Durante o período compreendido entre 12 de março e 2 de maio, foram implementadas medidas muito restritivas relativas à entrada e circulação de pessoas no CHUSJ, e de distanciamento social, bem como o uso obrigatório de máscara para os profissionais de saúde e utentes. O acesso ao CHUSJ passou a ser possível apenas por duas entradas, tendo sido criados check-points nestas zonas para deteção de utentes ou profissionais de saúde com sintomas suspeitos e/ou febre, em linha com as recomendações do Centro Europeu de Controlo de Doenças, OMS e DGS2,4,5.

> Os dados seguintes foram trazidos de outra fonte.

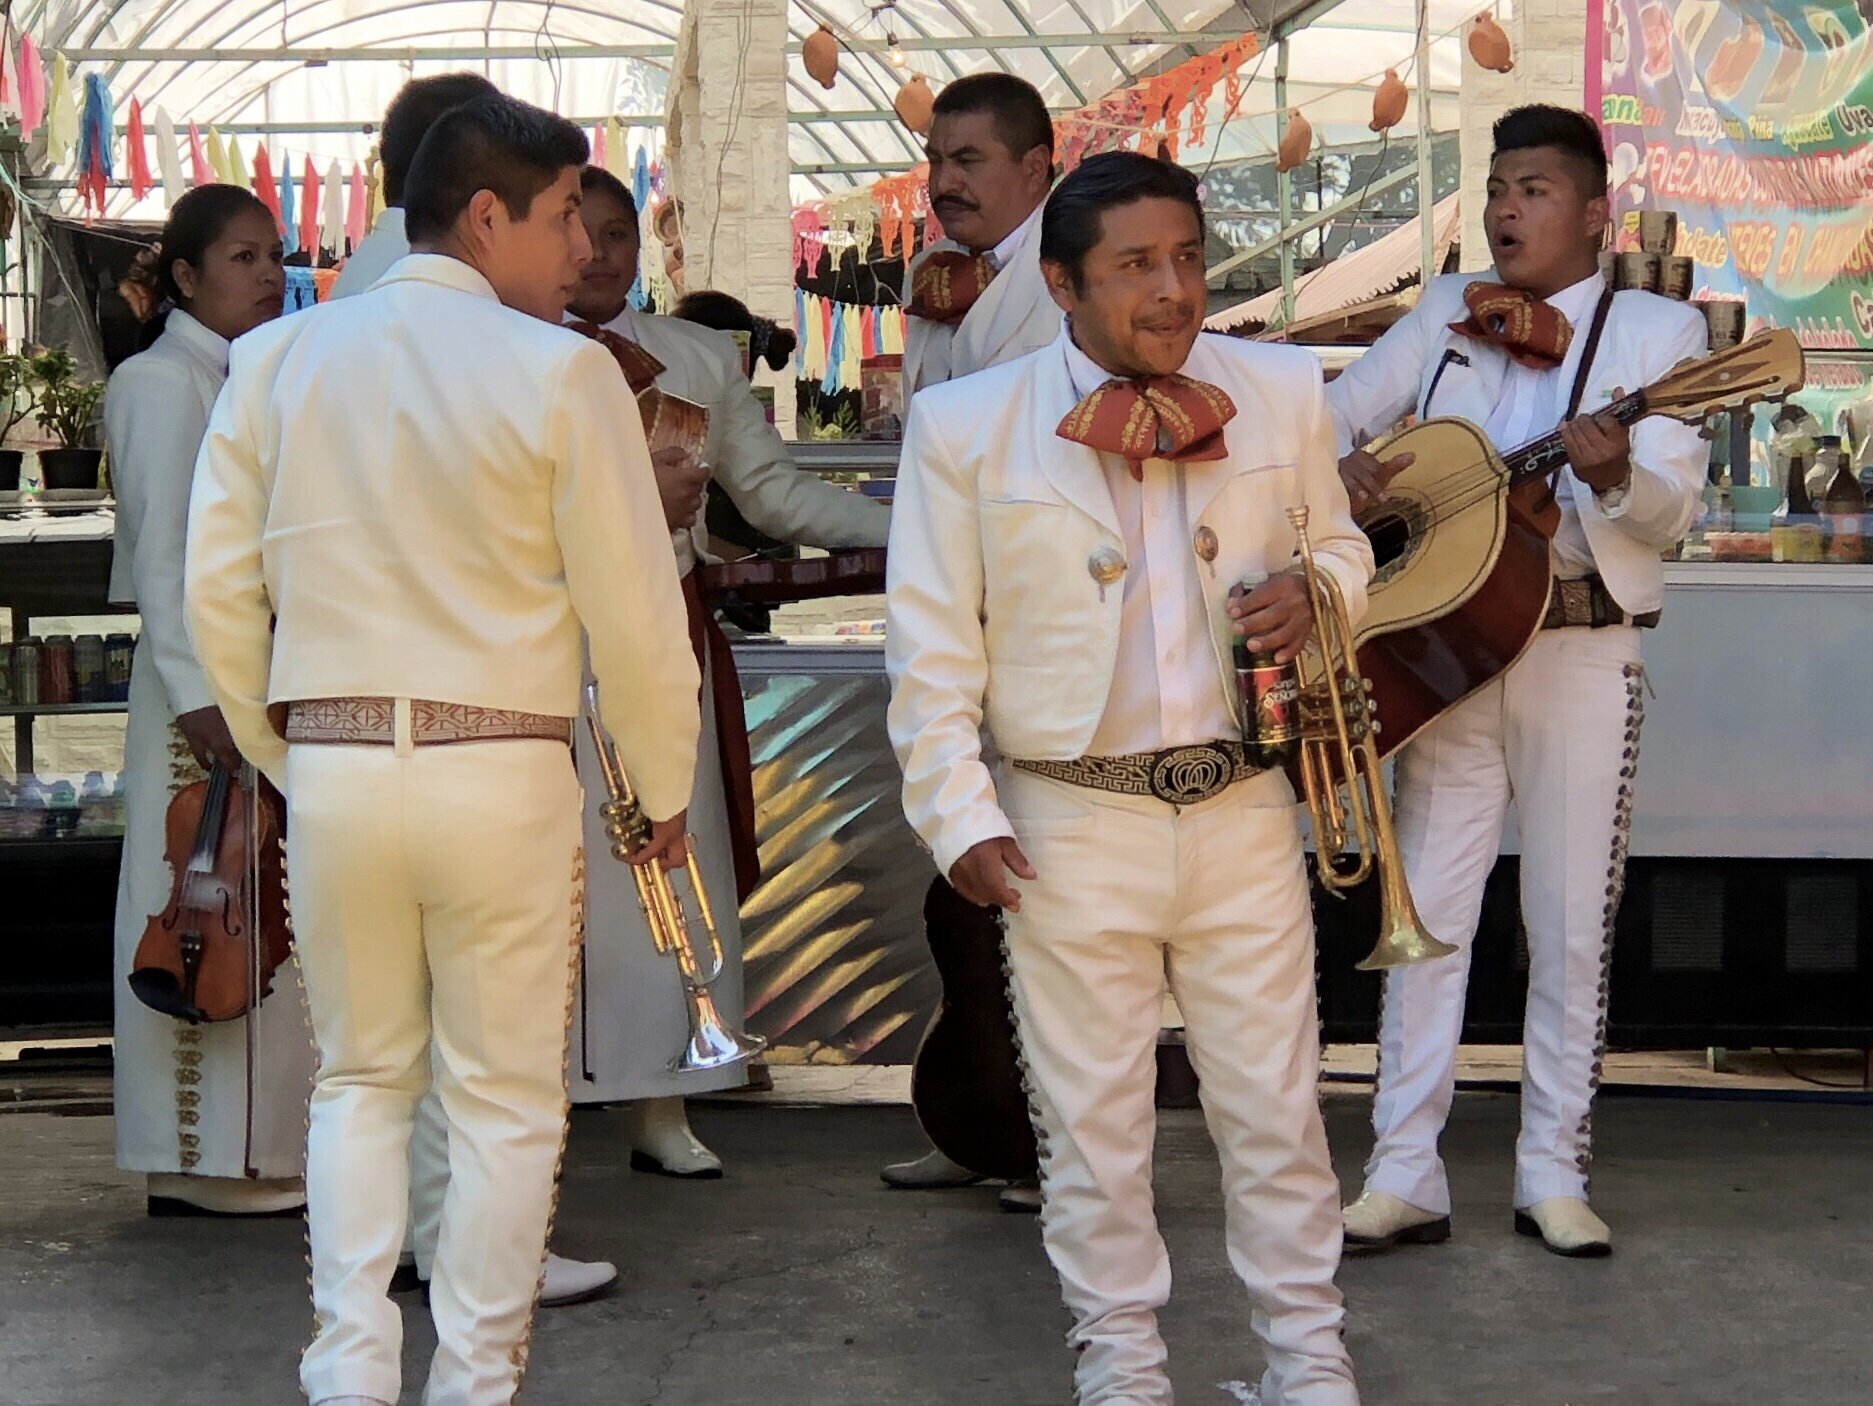 Hire a mariachi band and have a dance party aboard your trajinera.

Foi disponibilizado o acesso remoto aos profissionais de saúde a aplicações informáticas para realização de teletrabalho e os telefones hospitalares foram desbloqueados à rede externa. Durante este período, o CHUSJ acompanhou aproximadamente 2000 doentes infetados, contabilizou 500 internamentos e 110 óbitos por COVID-19.

Com o final do estado de emergência, as actividades clínicas e cirúrgicas programadas foram retomadas gradualmente pelos vários serviços. O Serviço de Imunoalergologia reiniciou as suas atividades a partir do dia 18 de maio (Figura 1, Quadro 1).

Estas determinações tiveram um impacto tremendo na atividade do Serviço de Imunoalergologia do CHUSJ.

A atividade clínica presencial e não urgente foi quase totalmente suspensa. Os médicos do serviço foram chamados a participar nas atividades clínicas relacionadas com a COVID-19, designadamente o seguimento por teleconsulta de doentes infetados, atividades nas enfermarias de doentes internados com COVID-19 e turnos de urgência na avaliação de doentes com suspeita de COVID-19. Neste período, o espaço físico da Consulta Externa de Imunoalergologia no Centro de Ambulatório Médico foi alocado na sua quase totalidade ao Serviço de Saúde Ocupacional do CHUSJ, para rastreio e seguimento dos profissionais de saúde com COVID-19.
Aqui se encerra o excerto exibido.